Extent and variation of omeprazole prescribing in an elderly population of Ontario.

作者信息

McBride J E, Pater J L, Dorland J L, Lam Y M

机构信息

Kingston General Hospital, Ontario, Canada.

出版信息

Ann Pharmacother. 1997 Apr;31(4):411-6. doi: 10.1177/106002809703100404.

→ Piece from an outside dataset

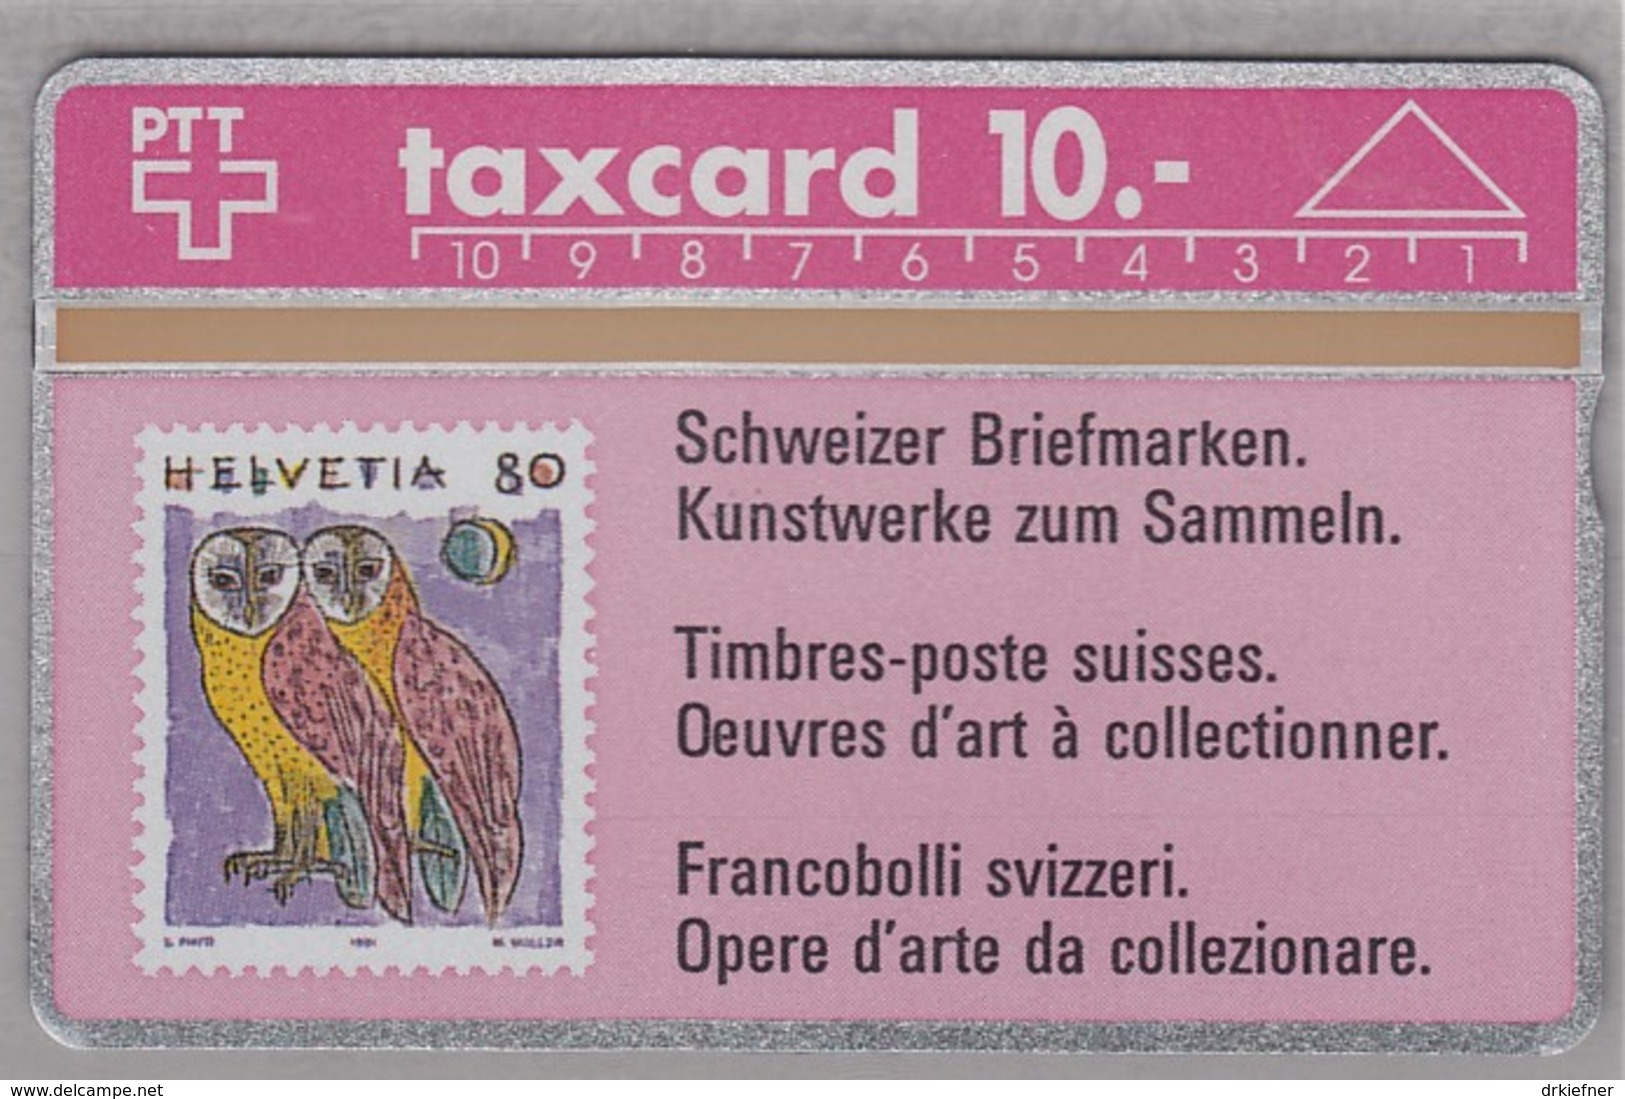 SCHWEIZ TELEFONKARTE Taxcard 10 SFr, Motiv MiNr. 1437, Schleiereule, 1991 - Stamps & Coins

DOI:10.1177/106002809703100404
PMID:9101000
Abstract

OBJECTIVE

To determine the extent of omeprazole prescribing in the senior population of Ontario over a 1-year period; the variation in omeprazole prescribing for this population according to age group, gender, and geographic region: and the extent of inappropriate prescribing of omeprazole for this population.

DESIGN

Retrospective drug utilization review of prescription drug insurance claims.

DATA SOURCE

The Ontario Drug Benefit (ODB) program claims database.

OUTCOME MEASURES

The following outcomes were measured: the proportion of seniors in Ontario who received a prescription for omeprazole from April 1, 1992 to March 31, 1993: effects of age group, gender, and geographic region of residence on omeprazole prescribing; and the extent of inappropriate omeprazole prescribing according to the ODB criteria for use. Prescribing of omeprazole was defined as inappropriate if a first-line antiulcer drug (i.e., histamine2-receptor antagonist) was not prescribed within 1-6 months of the first prescription claim for omeprazole.

RESULTS

A total of 29,936 seniors in Ontario received omeprazole from April 1, 1992 to March 31, 1993 (2.53 recipients per 100 eligible population). The age-gender group most frequently prescribed omeprazole was women 65-74 years, followed by women and men 75 years or older, and then men 65-74 years. Omeprazole prescribing varied widely among the 48 provincial counties (range of 1.66 recipients per 100 eligible population to 4.52 recipients per 100 population, p < 0.001). There was no evidence of a clustering effect in omeprazole prescribing at the county level. Prescribing of omeprazole was considered to be inappropriate for 80.5% of recipients.

CONCLUSIONS

This study demonstrated the ineffectiveness of the ODB limited-use program in controlling omeprazole prescribing. Further study should be done to examine determinants of variation in prescribing by geographic region.

摘要

目的

确定安大略省老年人群在一年时间内奥美拉唑的处方开具情况;根据年龄组、性别和地理区域,该人群奥美拉唑处方开具的差异;以及该人群中奥美拉唑不适当处方的情况。

设计

对处方药保险理赔进行回顾性药物利用审查。

数据来源

安大略省药品福利(ODB)计划理赔数据库。

观察指标

测量以下结果:1992年4月1日至1993年3月31日期间安大略省接受奥美拉唑处方的老年人比例;年龄组、性别和居住地理区域对奥美拉唑处方开具的影响;以及根据ODB使用标准判断的奥美拉唑不适当处方情况。如果在首次开具奥美拉唑处方申请后的1 - 6个月内未开具一线抗溃疡药物(即组胺2受体拮抗剂),则将奥美拉唑的处方开具定义为不适当。

结果

1992年4月1日至1993年3月31日期间,安大略省共有29,936名老年人接受了奥美拉唑治疗(每100名符合条件的人群中有2.53名接受者)。最常开具奥美拉唑的年龄 - 性别组是65 - 74岁的女性,其次是75岁及以上的女性和男性,然后是65 - 74岁的男性。在该省48个县中,奥美拉唑的处方开具差异很大(每100名符合条件的人群中接受者的范围为1.66名至每100名人群中4.52名,p < 0.001)。在县一级,没有证据表明奥美拉唑处方开具存在聚集效应。80.5%的接受者的奥美拉唑处方被认为是不适当的。

结论

本研究表明ODB限量使用计划在控制奥美拉唑处方开具方面无效。应进一步研究以检查地理区域处方差异的决定因素。